In 2016, Imai partnered with researchers in Japan to study the bio-availability and safety of NMN supplementation in humans. The idea behind this study was to try and “re-energize” the bodies cells and stimulate the restocking of the NAM supply, thereby disrupting the aging process. Imai has explained that, in ways science does not yet entirely understand, sirtuins, along with chemicals like metformin and rapamycin, are all involved in creating cellular energy, but when the process of creating and delivering NAM breaks down, aging is the result.

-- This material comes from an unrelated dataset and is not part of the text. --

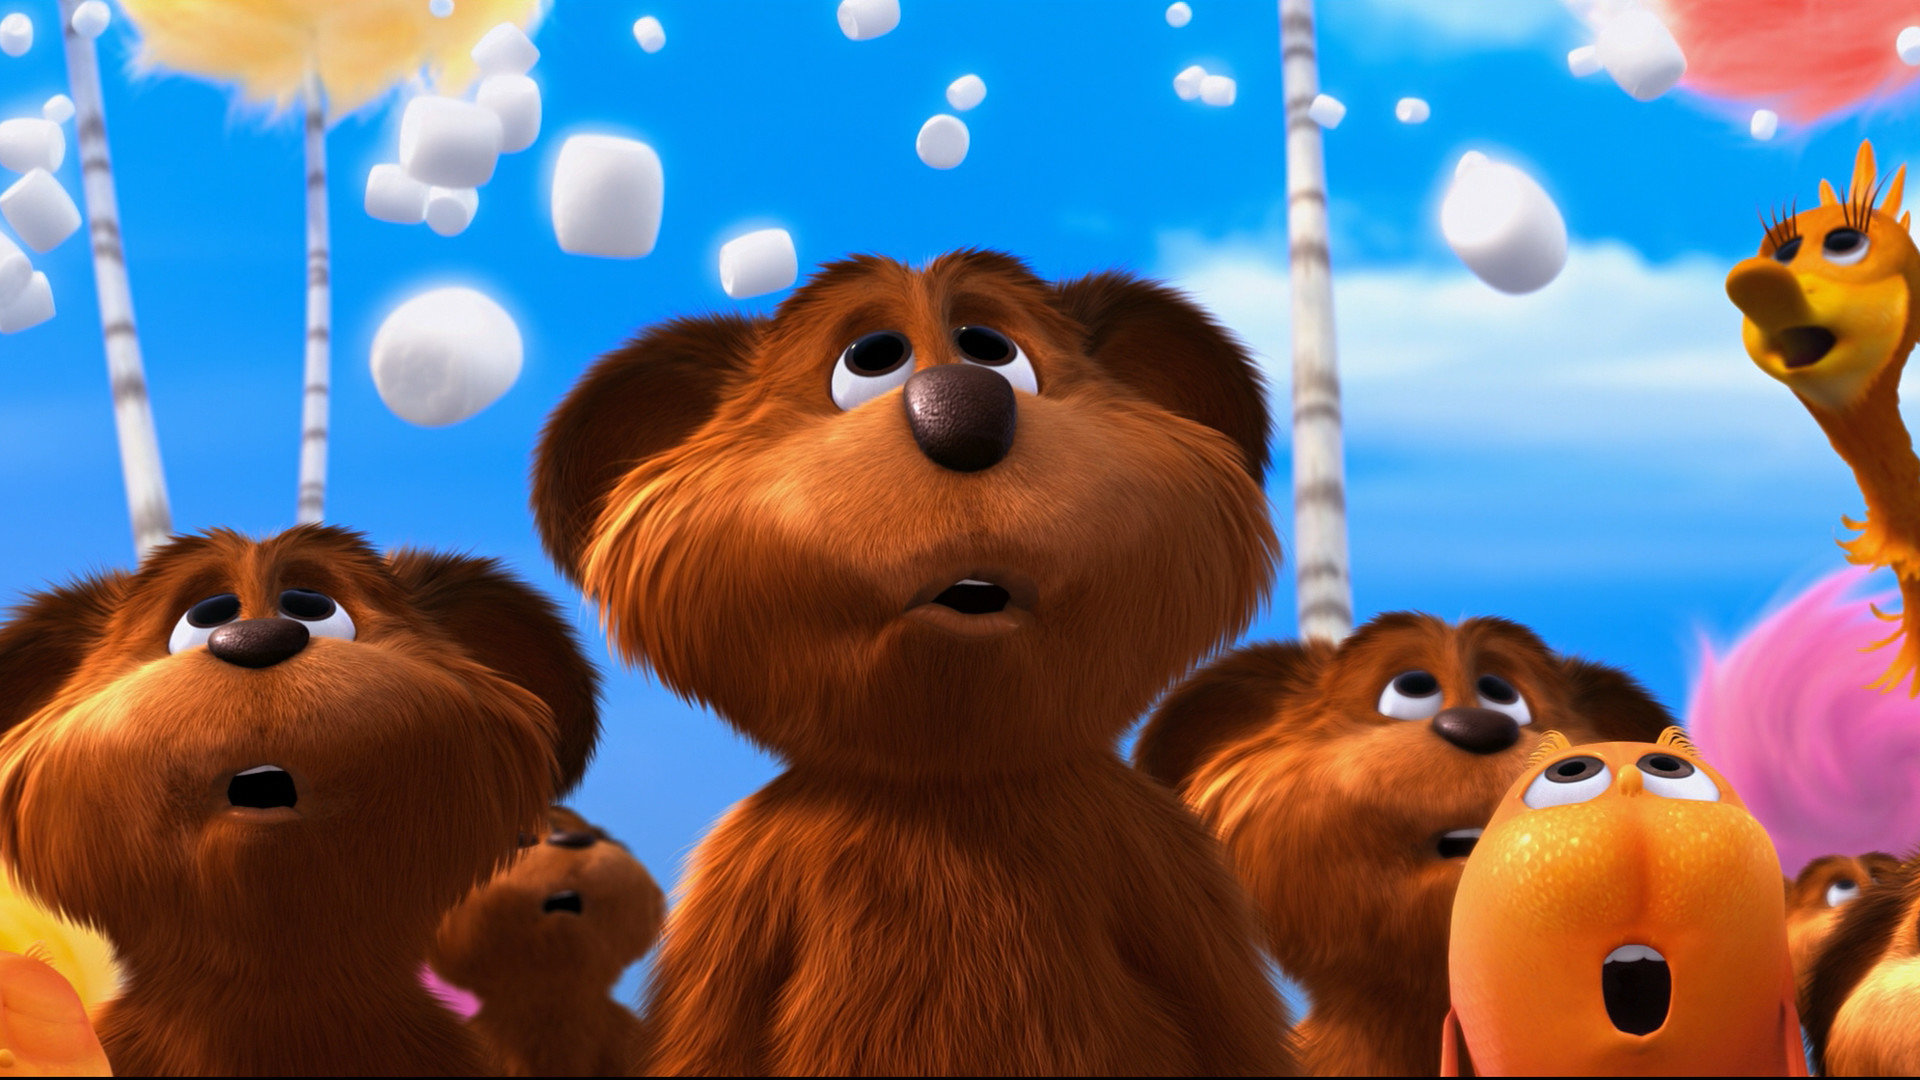 Download full hd 1080p The Lorax computer wallpaper ID:354121 for free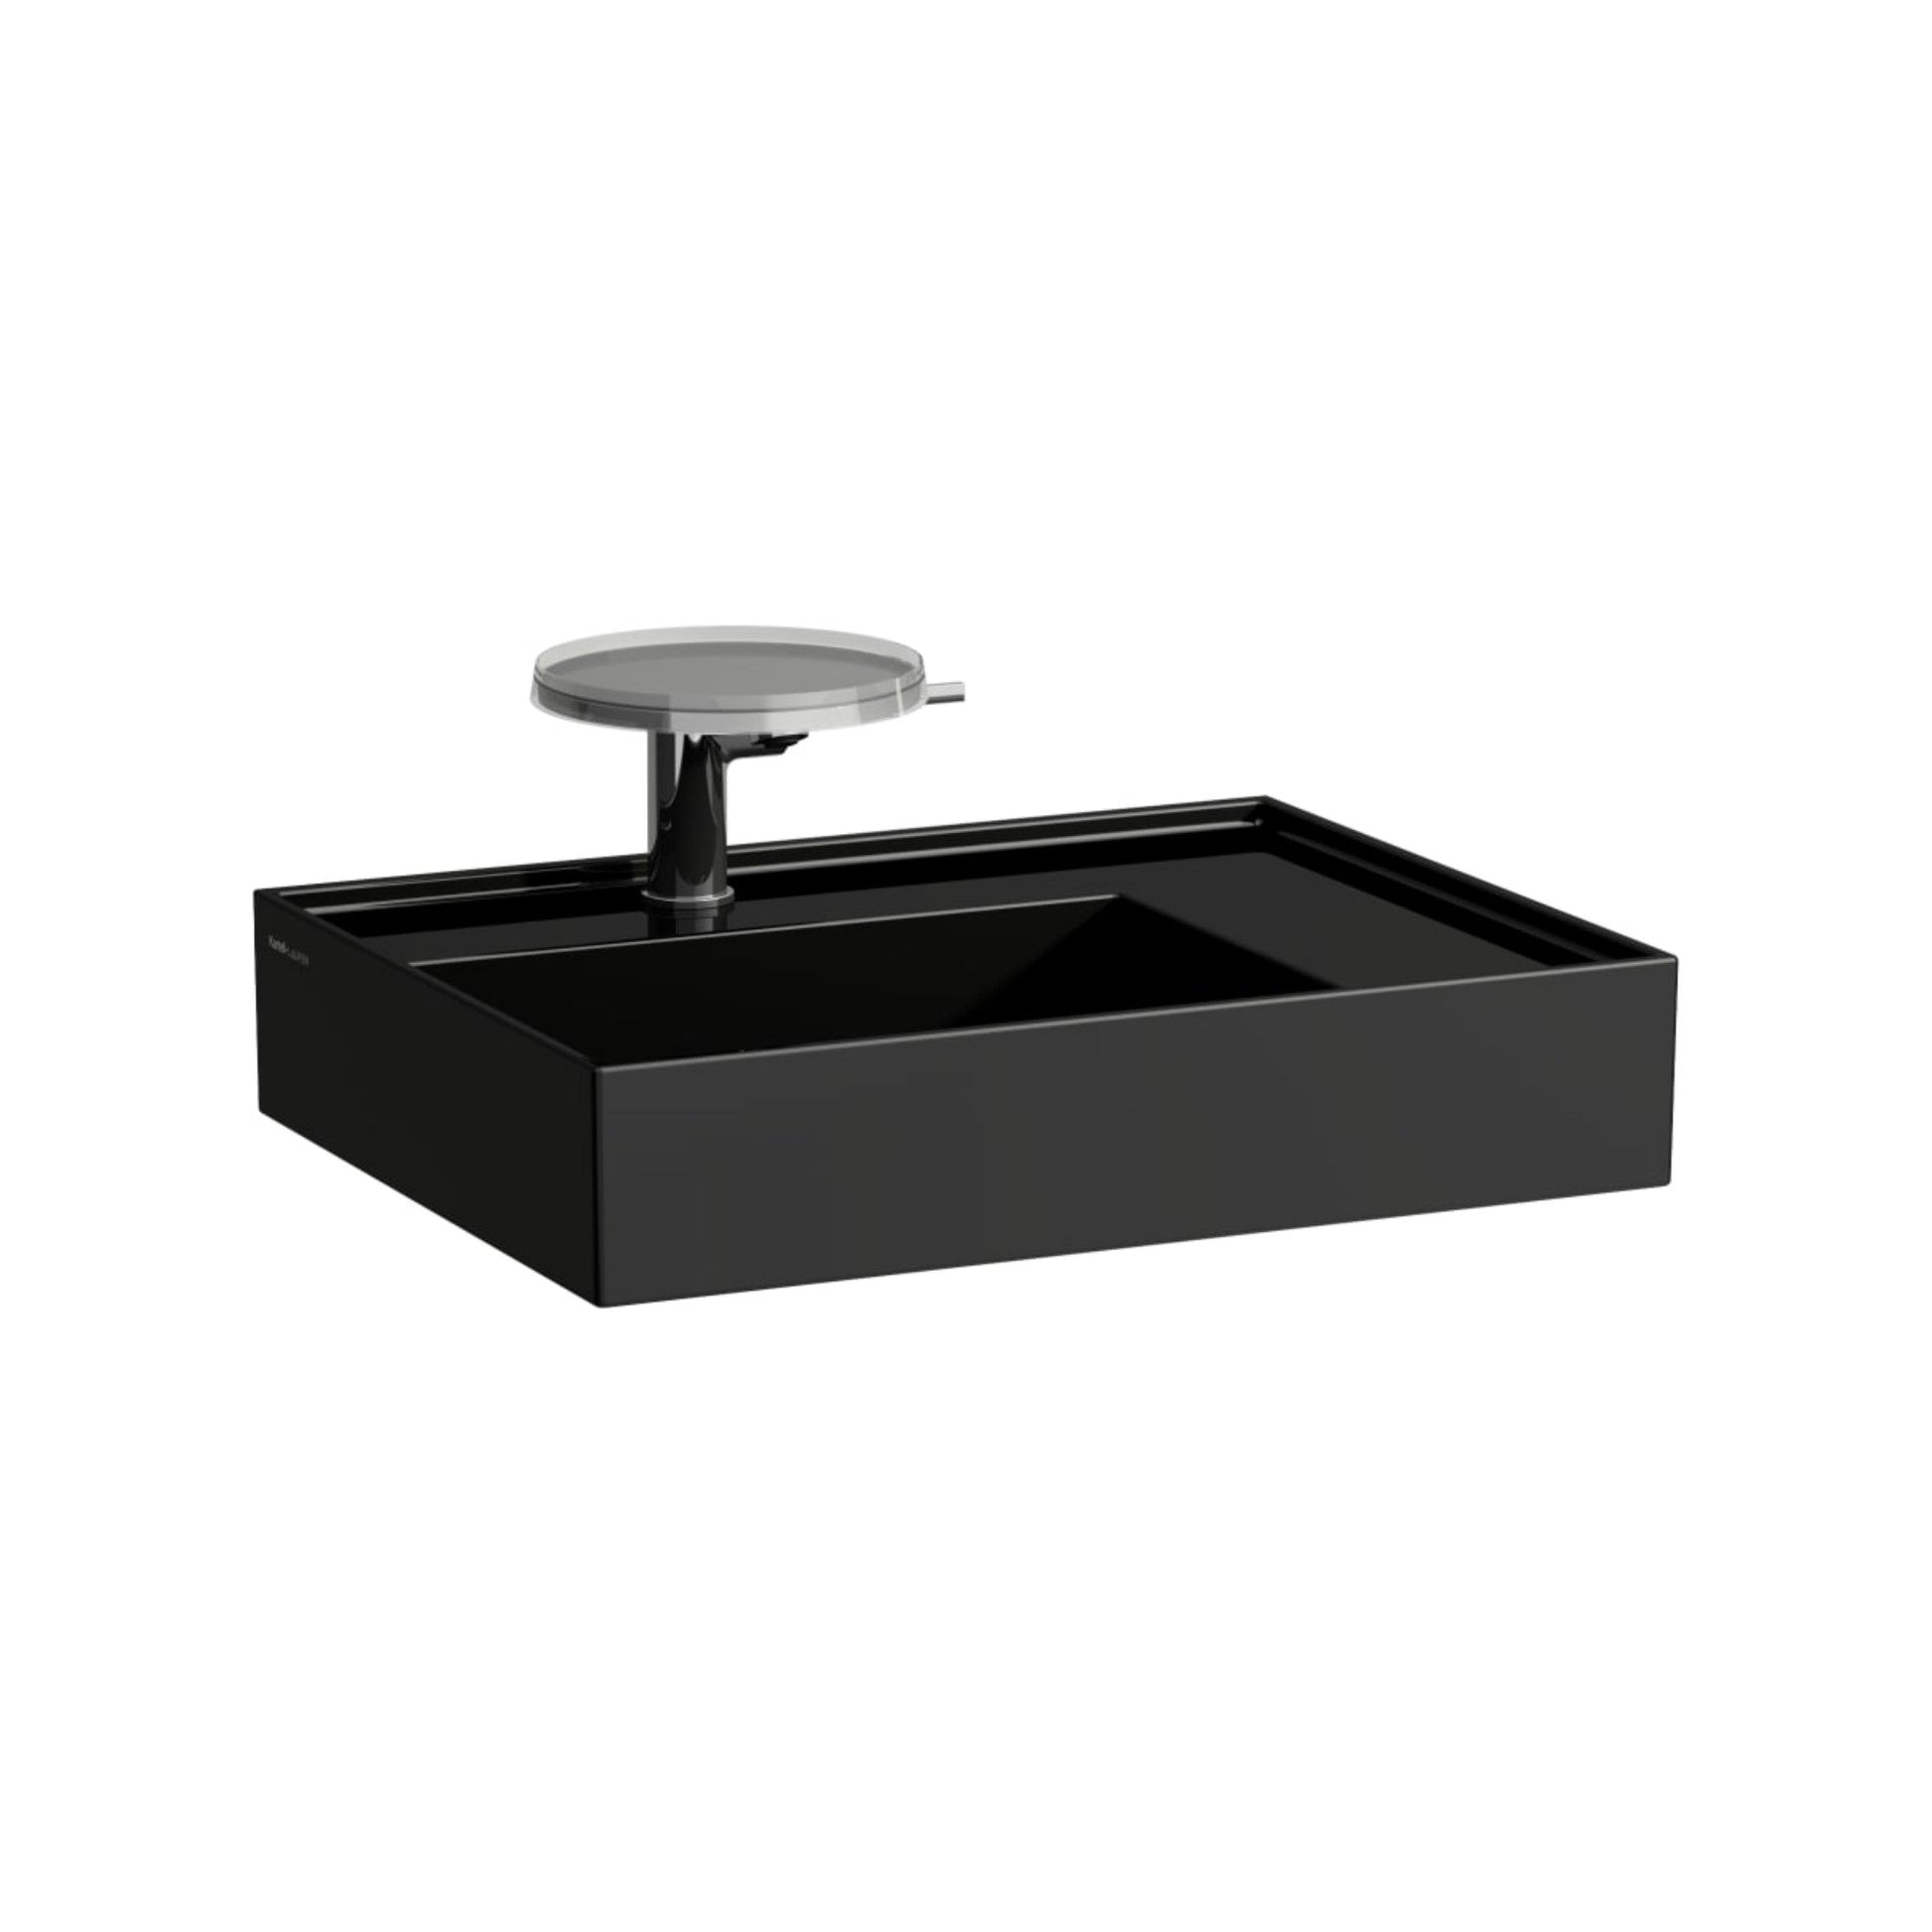 Laufen Kartell 24" x 18" Glossy Black Countertop Shelf-Right Bathroom Sink With Faucet Hole

In 2019, Imai worked on a study involving the injection of young mouse blood into older mice which caused increased longevity. Imai and his team hypothesized that the increased presence of a protein enzyme called “eNAMPT” in younger blood, which helps cells make energy, may have been the cause. Previous studies had focused on giving whole blood to older mice, whereas this study focused just on the enzyme. This chemical had the effect of mimicking calorie restriction without actually having to consume fewer calories. The mice in the study given eNAMPT supplements lived on average sixteen percent longer.
Imai has also studied how the bodies cells react to the loss of the “fuel” that is “NAM”, and how the body attempts to summon more of it when their supply starts to run out. Imai’s research was able to show compound Slc12a8 is the NMN transporter, which had not previously been identified. Imai has noted that the human body ends up in a kind of “bottleneck” as it ages, as the body can no longer produce enough NAD, and yet it needs more than before, which Imai speculates is due to chronic inflammation. He is working with Washington University’s Office of Technology Management and a Japanese company called Teijin Limited to use this knowledge to create therapies both increasing NAD production and helping in the transportation of it throughout the body. Because increased production of NAD can sometimes be used by virulent cancerous tumors, studies in mice continuously look for any rise in the rate of cancer. Imai has also cautioned that longevity and health are sometimes at odds, and continued low calorie anti-aging can lead to fragility, meaning higher susceptibility to disease, as was demonstrated in studies done on nematodes in 2019. eNAMPT levels will also be examined during the study to see if they can serve as a biomarker for age. Research is ongoing in older humans to see if the levels of eNAMPT are different in people who have experienced illness, and if the compound could be used for anti-aging supplementation.